Investment management firm Sound Shore Management released its investor letters in the first quarter of 2025. A copy of the letter can be downloaded here. The fund's Investor Class (SSHFX) and Institutional Class (SSHVX) fell 1.93% and 1.89% respectively, in the first quarter of 2025, while the Russell 1000 Value Index (Russell Value) had a return of 2.14% and the Standard & Poor 500 Index (S&P 500) had a return of -4.27%. As of March 31, 2025, SHORE Shore's 35-year annual returns were 10.13% and 10.41% of SSHFX and SSHVX, respectively, and led Russell Value at 9.81%, and lagged behind the S&P 500 at 10.56%. Also, check the fund’s top five holdings to see its best options for 2025.
Sound Shore Management highlights stocks such as Walt Disney Corporation (NYSE:DIS) in its first-quarter 2025 investor letter. Walt Disney Company (NYSE:DIS) is an entertainment company that operates through the entertainment, sports and experience segments. Walt Disney Company (NYSE:DIS) has a one-month return of 21.53%, and its stock has accounted for 7.82% of its value over the past 52 weeks. On May 23, 2025, Walt Disney Company (NYSE:DIS)'s stock closed at $109.72 per share, with a market value of $17.249 billion.
Sound Shore Management pointed out the following about Walt Disney Corporation (NYSE:DIS) in its Q1 2025 investor letter:
“In addition to concerns about the slowdown and consumer spending, the Paypal and Walt Disney Company (NYSE: DIS) Although both have very solid balance sheets, they fell to 2024 in a strong game.
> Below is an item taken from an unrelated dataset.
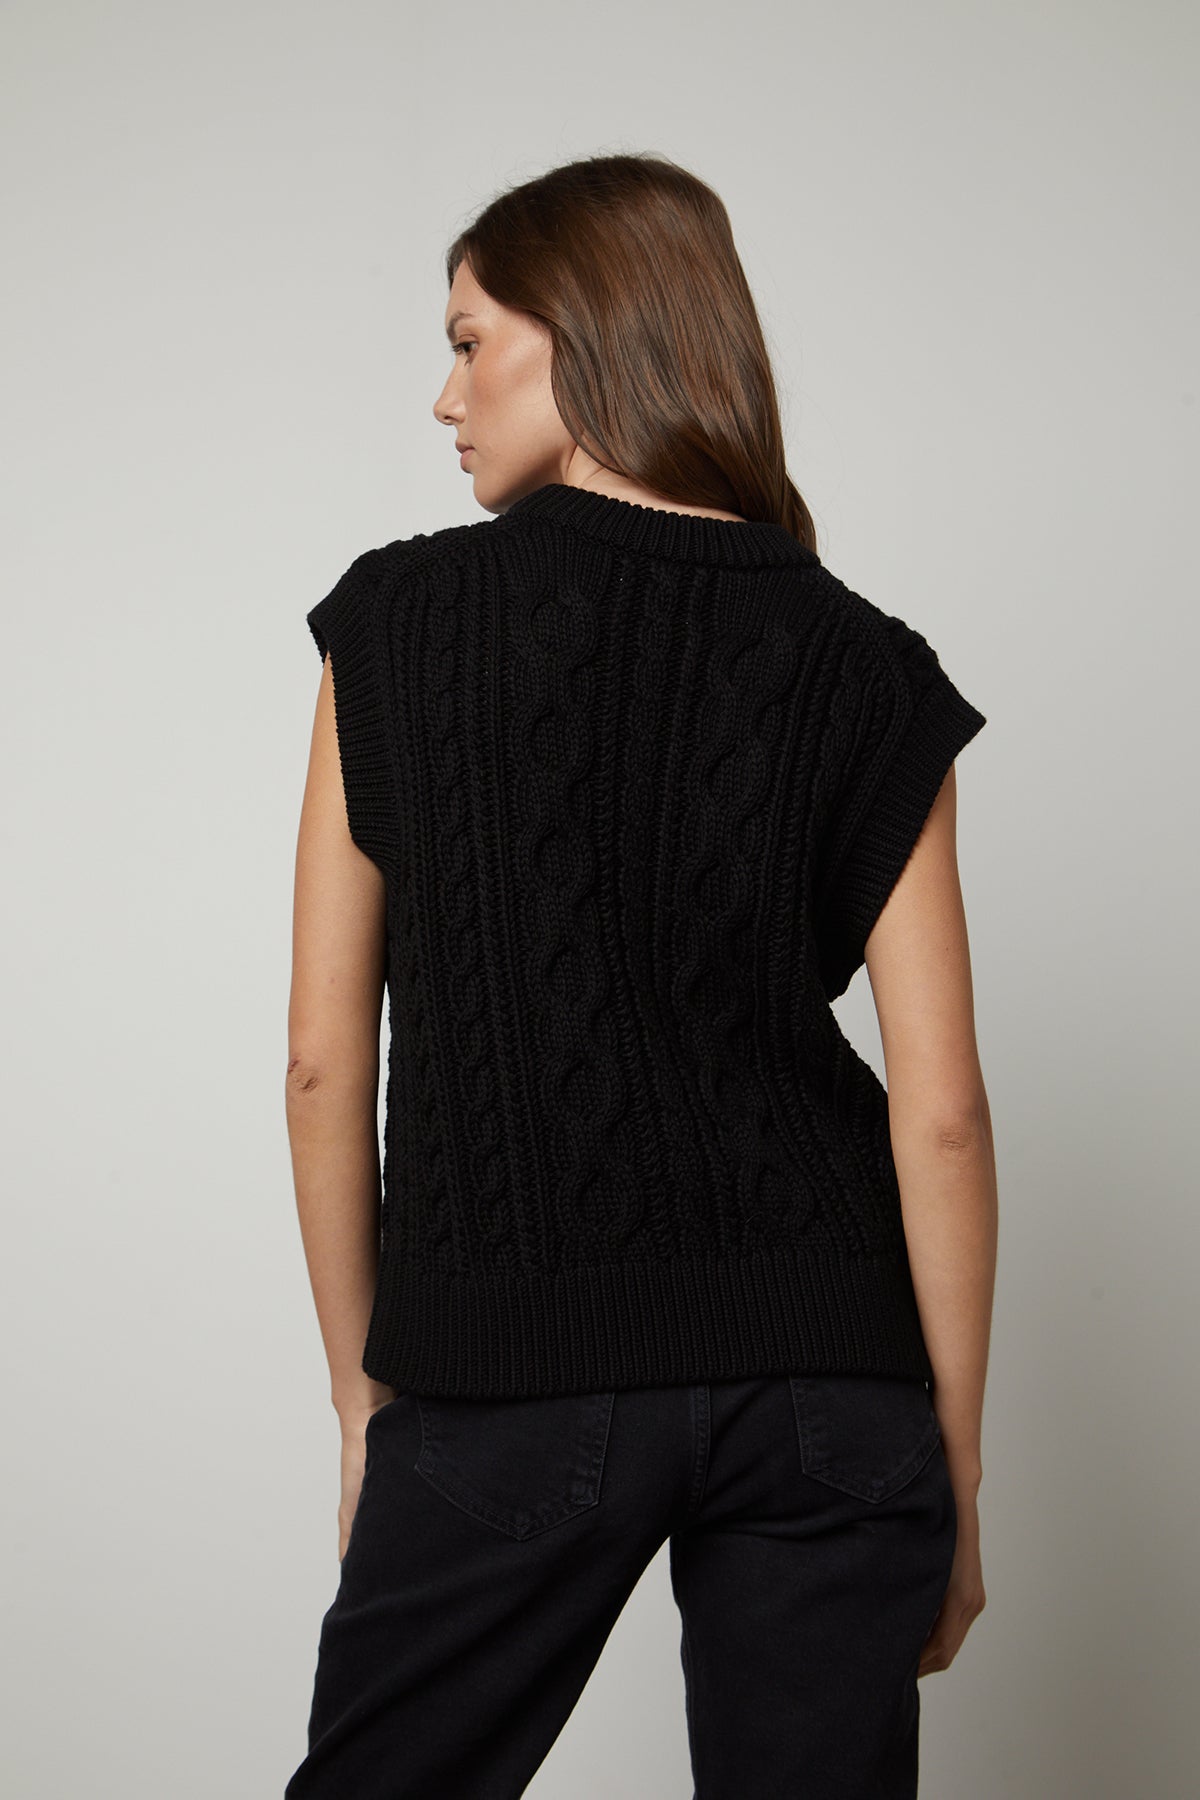 The back view of a woman wearing a black HADDEN SWEATER VEST by Velvet by Graham & Spencer.-26799841280193

Despite economic concerns, there are internal changes in everyone that are improving profitability. Media and entertainment leader Disney is lower after giving back a portion of its previous YTD earnings. With impressive content to drive market share and a stable cash generation experience business (parks, resorts, cruises), we believe Disney is in a very good location. The company's media division is growing, while content spending has fallen. We believe that streaming services, including ESPN and Hulu, are undervalued and management is raising the price of the service. Disney's ability to trade less than 14 times its revenue, a strong balance sheet, renewal of dividends and a $3 billion annual stock buyback program is an attractive risk/reward that has the potential to grow in the United States and abroad. ”
A theater filled with moviegoers watched a blockbuster movie produced by the entertainment company.
Walt Disney Corporation (NYSE:DIS) is not among our 30 stocks in 30 hedge funds. According to our database, 104 hedge fund portfolios held Walt Disney Company (NYSE:DIS) at the end of the previous quarter, which was 108 in the previous quarter. While we acknowledge the potential of Walt Disney Company (NYSE:DIS) as an investment, our belief is that AI stocks have greater hope to deliver higher returns and do so in a shorter time frame. If you are looking for AI stocks that are as promising as NVIDIA, but whose earnings are trading at less than 5 times the price, check out our report on undervalued AI stocks.